But God immediately sets in motion a plan to redeem, rescue, and restore everything that was lost in the Fall. He announces this plan in Gen. 3:15:
“I will put enmity between you and the woman, and between your offspring and her offspring;
he shall bruise your head, and you shall bruise his heel.”
This is known as the Protoevangelium: “first gospel”
For the first time, God gives us a glimpse into what He plans to do about sin and death and Satan…
- Hope! God speaks of offspring continuing in the future!
- Enmity – Satan will always harass and oppress people
- HER offspring – literally “seed.” It is through the woman one will come to deliver from the power of the evil one. He would be human, an offspring of woman. Also, hints to the virgin birth in that woman is exclusively singled out as the vessel through which the deliverer would come.
- He will bruise your head, you will bruise his heel – Satan would cause the Deliverer to suffer but it would not be fatal. However, the Deliverer would ultimately destroy the serpent.
He drops one last hint as to what this Deliverer will do to redeem us:
And the Lord God made for Adam and for his wife garments of skins and clothed them.
Up until that moment, how had Adam and Eve covered their nakedness? Fig leaves, made for themselves
How did God cover them? Skins of animals.
Where did those skins come from? Animals
What happened to the animals? Died
That’s the first time we see the shedding of blood to cover sin. More about that later…
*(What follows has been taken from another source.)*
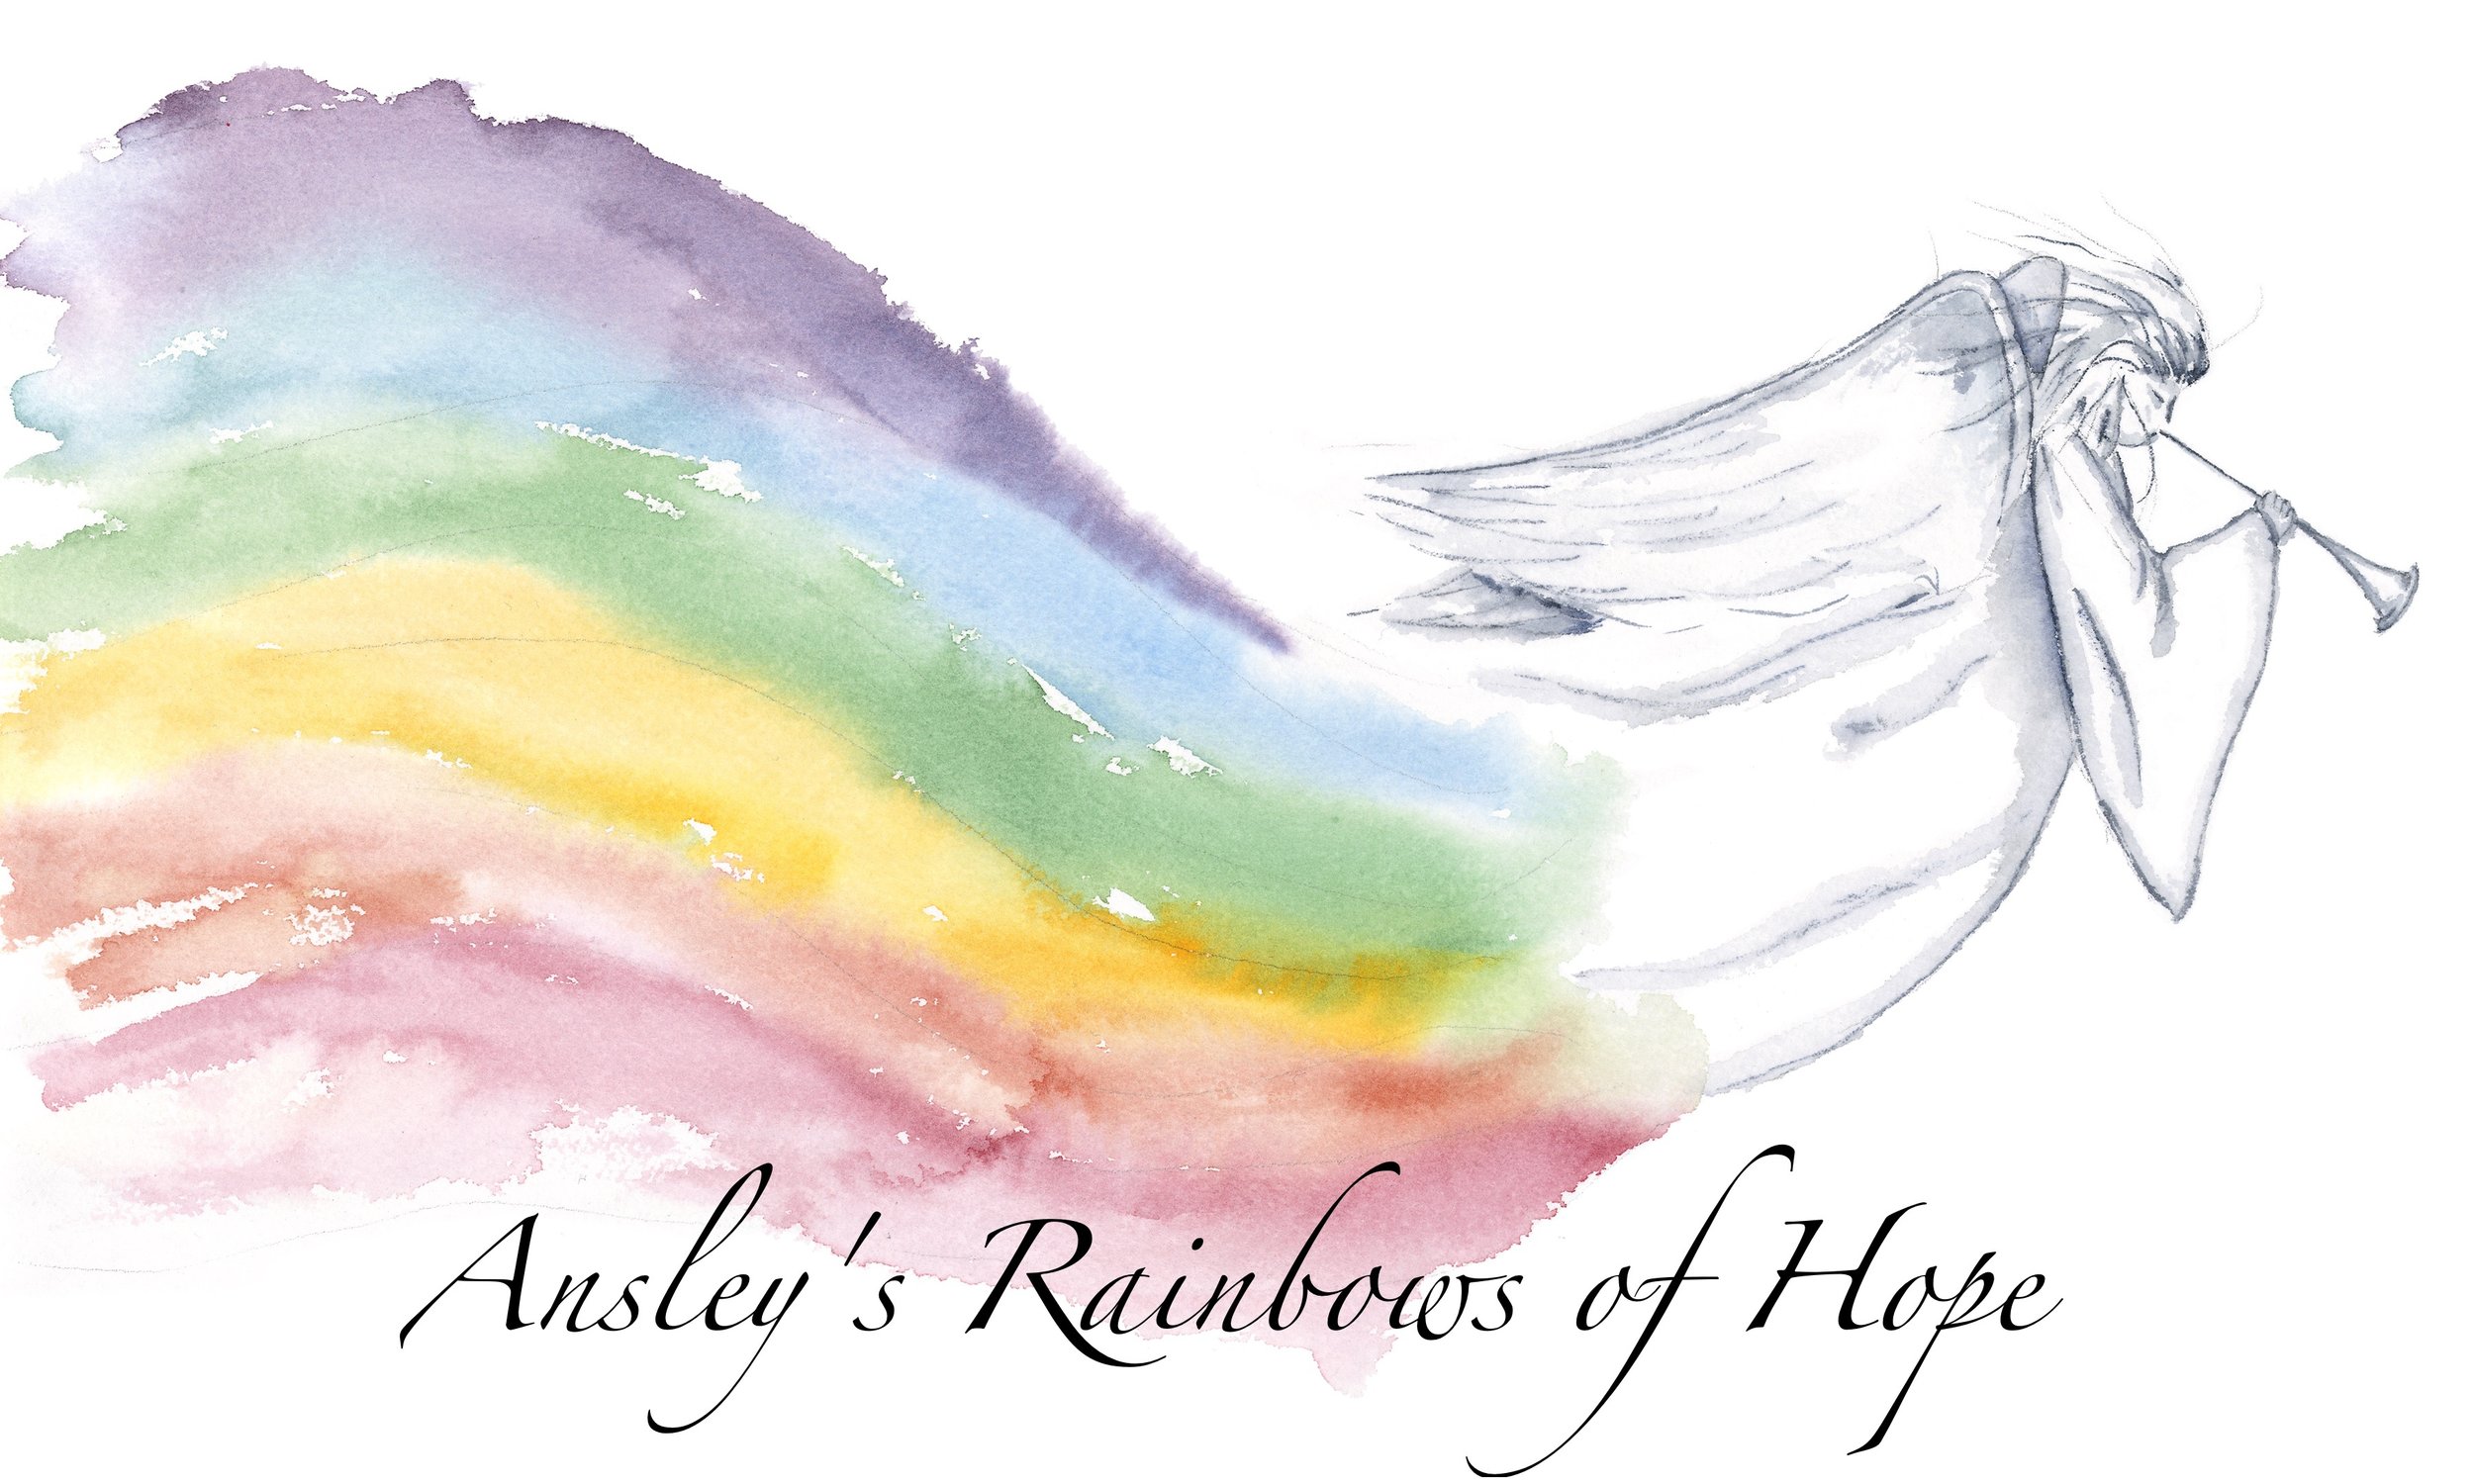 Ansley’s Rainbows of Hope

From that moment on began the wait for the Savior, the seed of the woman who would come. The entire rest of the Old Testament would be the unfolding narrative of God’s plan to redeem, rescue, and restore all of creation:
- God’s wrath against sin; cannot go unpunished, but God in His grace saves Noah and his family; God initiates and drives the relationship.
- God designs an Ark but has Noah and his sons build it according to His commands;
- All who entered the Ark were sealed in by God (“God shut the door) and spared the wrath of God
- Ark is a type of Christ; foreshadowing Christ as God’s way of saving us from the wrath of sin.
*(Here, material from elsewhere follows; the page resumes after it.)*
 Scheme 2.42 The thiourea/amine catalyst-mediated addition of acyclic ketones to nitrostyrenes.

- God makes covenant with mankind through Noah never to flood the earth with water again.
- From Noah’s three sons, all the nations of the earth are descended. Shem is singled out for blessing. (Semitic peoples) From Shem’s line comes…
- Again, God in His grace chooses and approaches Abram, reveals Himself and initiates a relationship..
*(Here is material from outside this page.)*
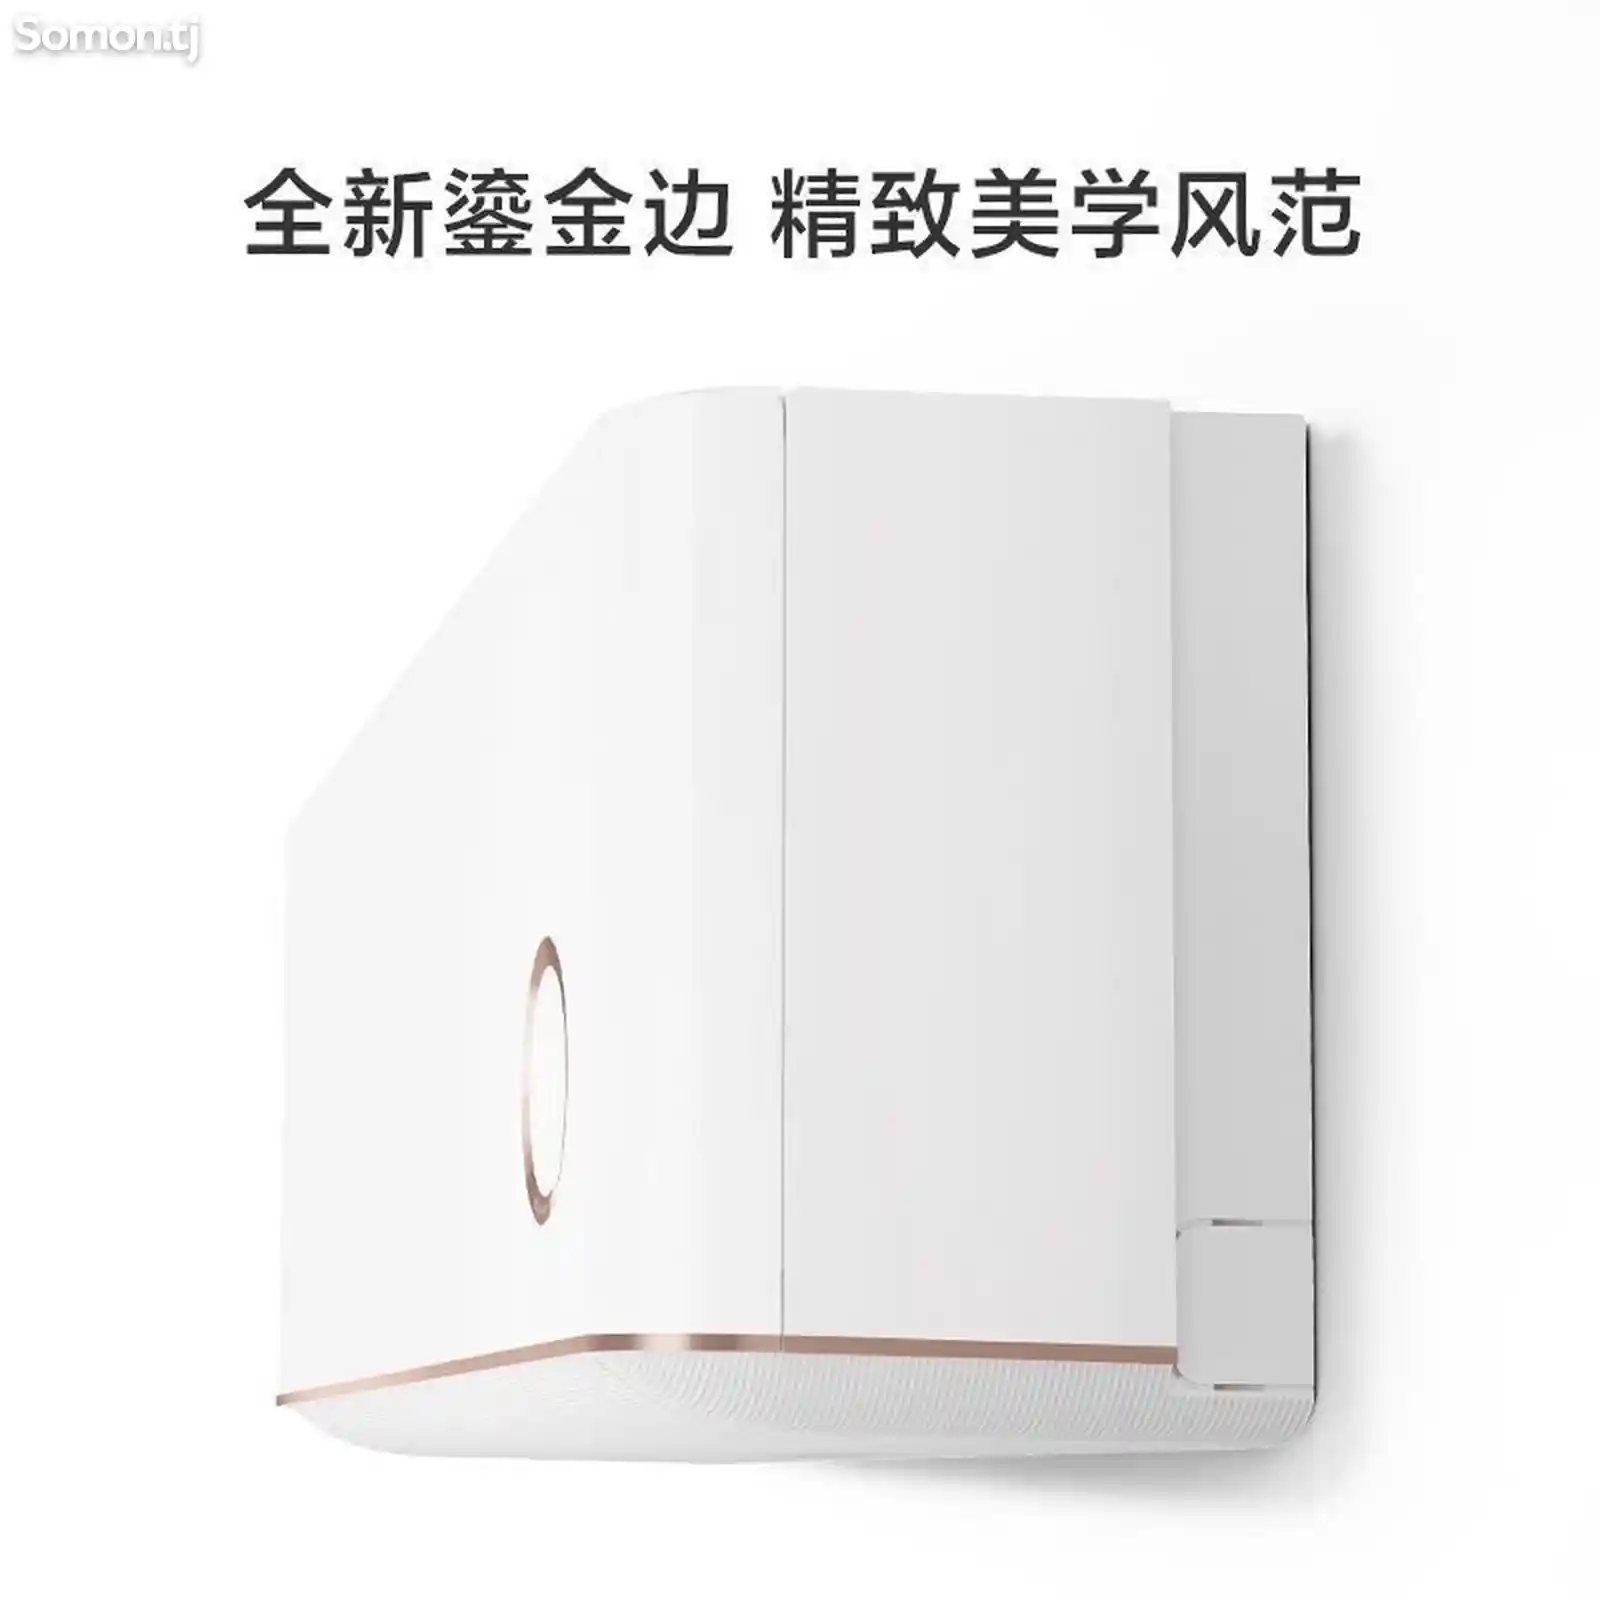 Кондиционер Xiaomi Mijia 18 куб-4

- Gen. 12:1-3 – Now the Lord said to Abram, “Go from your country and your kindred and your father’s house to the land that I will show you. And I will make of you a great nation, and I will bless you and make your name great, so that you will be a blessing. I will bless those who bless you, and him who dishonors you I will curse, and in you all the families of the earth shall be blessed.”
- Abram is very old and his wife Sarai is barren. It will take a miracle – a miraculous birth – to fulfill this promise. Abram has to wait a very long time for the fulfillment.
- Gen. 17 – God confirms the covenant again, changes his name to Abraham (father of many nations) and tells him that kings will arise from his offspring and that the covenant between Him and them is eternal.
- Gen. 21 – Isaac is born, fulfilling the promise of a son that will carry on the covenant. Everything rests on Isaac! The ONLY son.
- Gen. 22 – God does something really weird: He tells Abraham to go sacrifice his only son. And Abraham does something even more amazing – he obeys!
- Huge turning point in the redemptive narrative! Remember, all God’s future promises are dependent on Isaac staying alive and having more children.
- Takes Abraham and Isaac to Mount Moriah in the land of the Jebusites.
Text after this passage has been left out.